### Supplied information
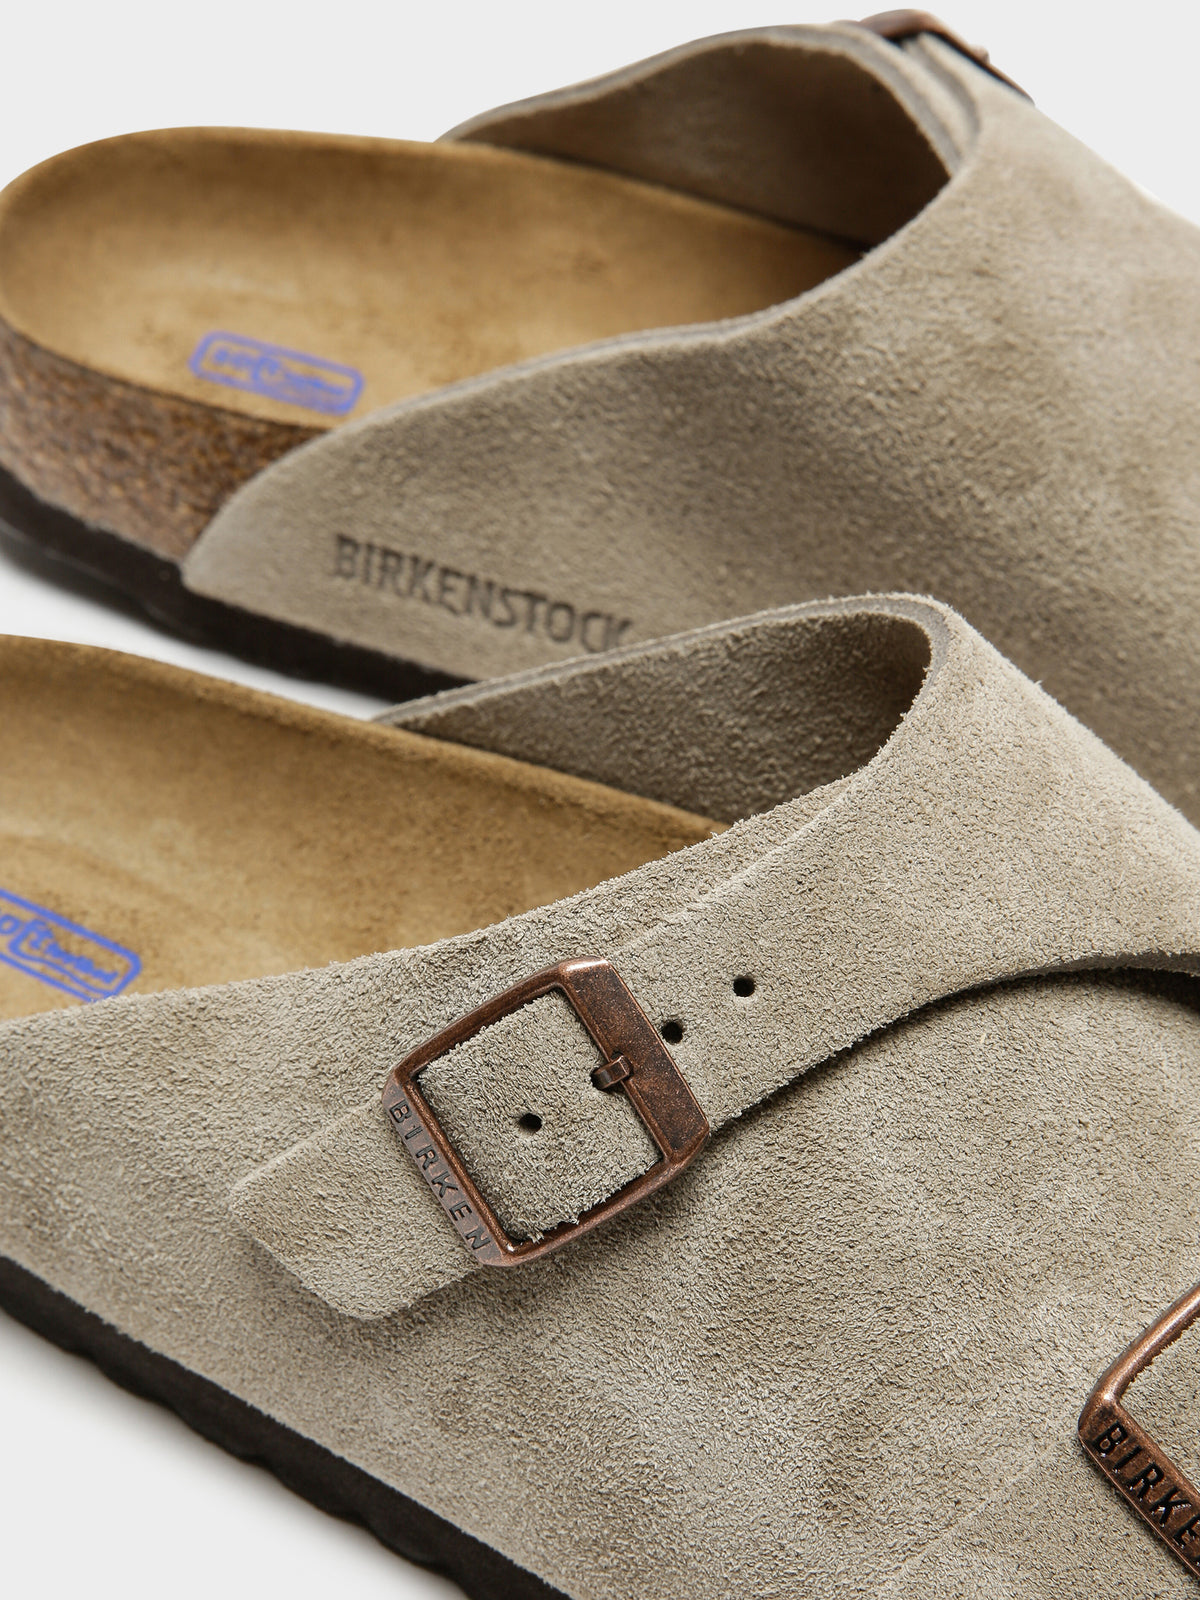 Unisex Zurich Suede Soft Footbed Narrow in Taupe
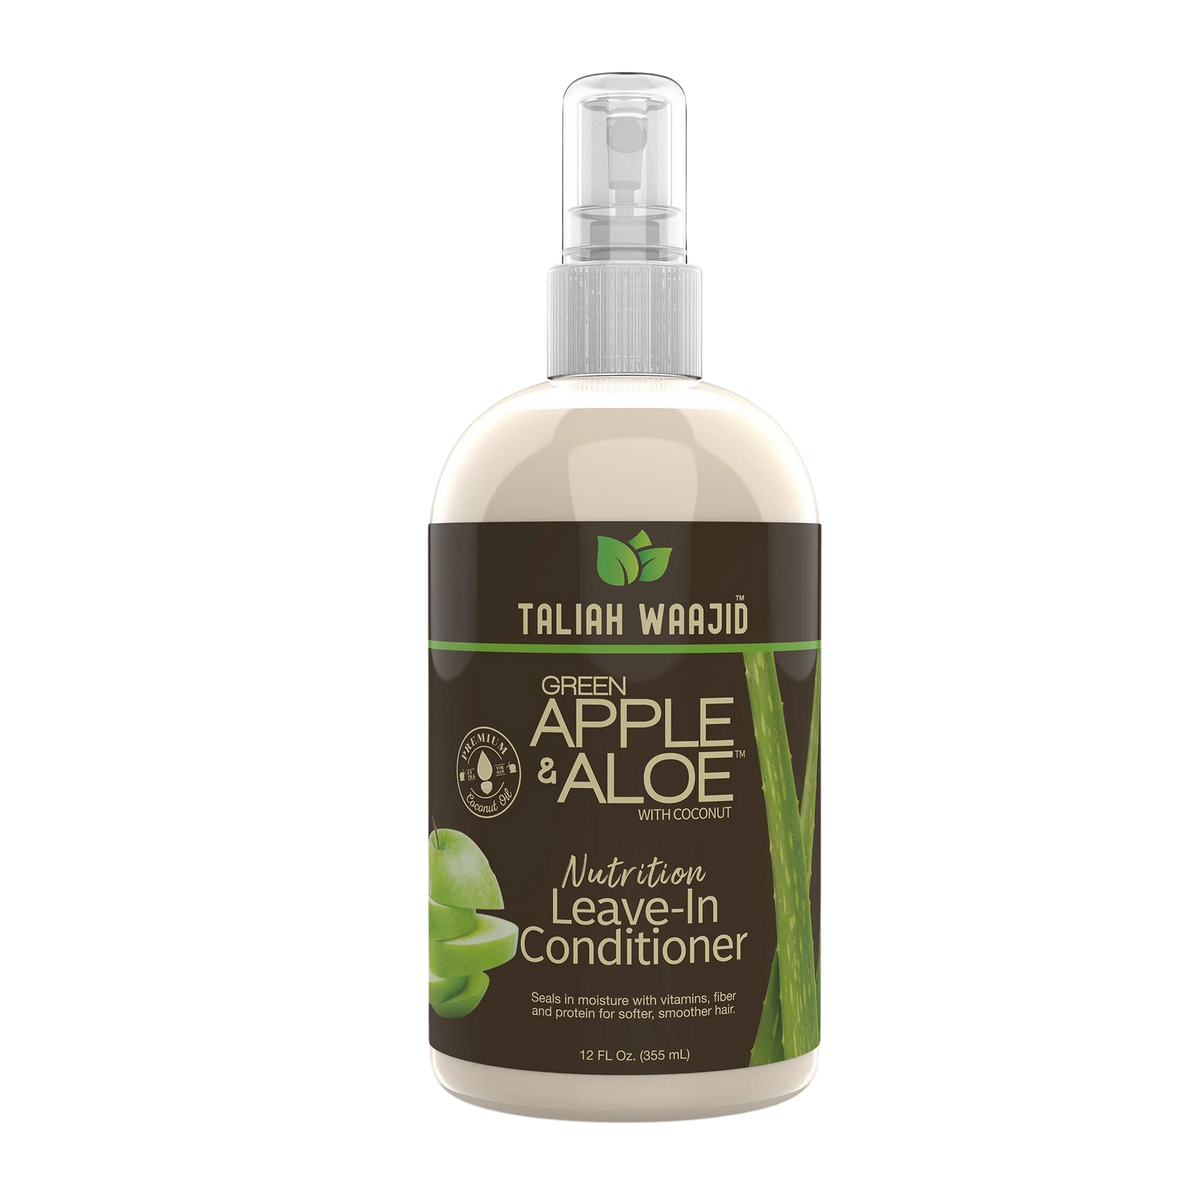 Taliah Waajid | Green Apple And Aloe Nutrition Leave-In Conditioner | 12oz
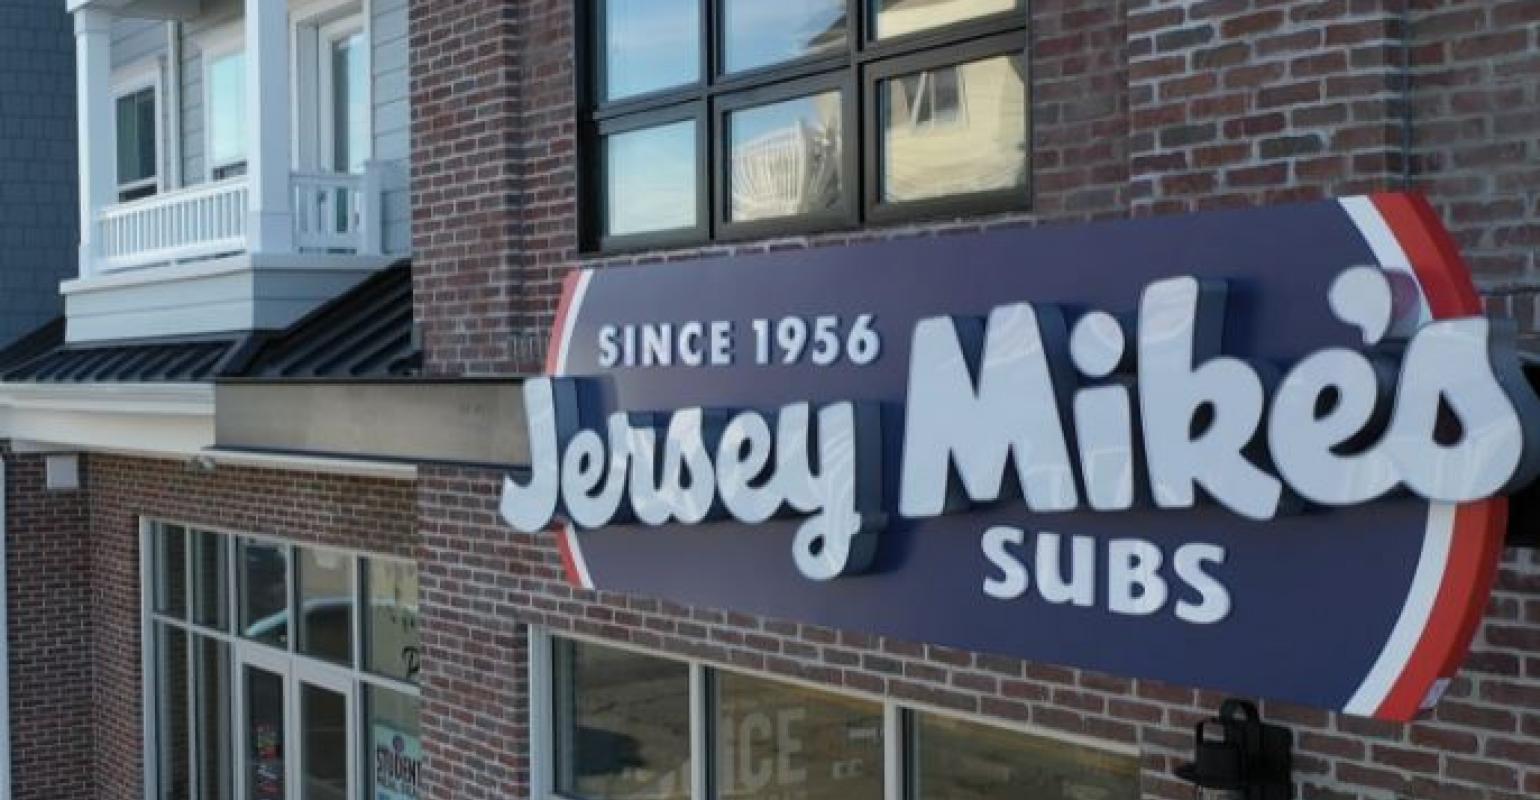 Jersey Mike's Franchise: $2.2 BILLION IN SALES? 🔥

### Brief
Retype the data above verbatim, minus images.

### Exercise output
 Unisex Zurich Suede Soft Footbed Narrow in Taupe
 Taliah Waajid | Green Apple And Aloe Nutrition Leave-In Conditioner | 12oz
 Jersey Mike's Franchise: $2.2 BILLION IN SALES? 🔥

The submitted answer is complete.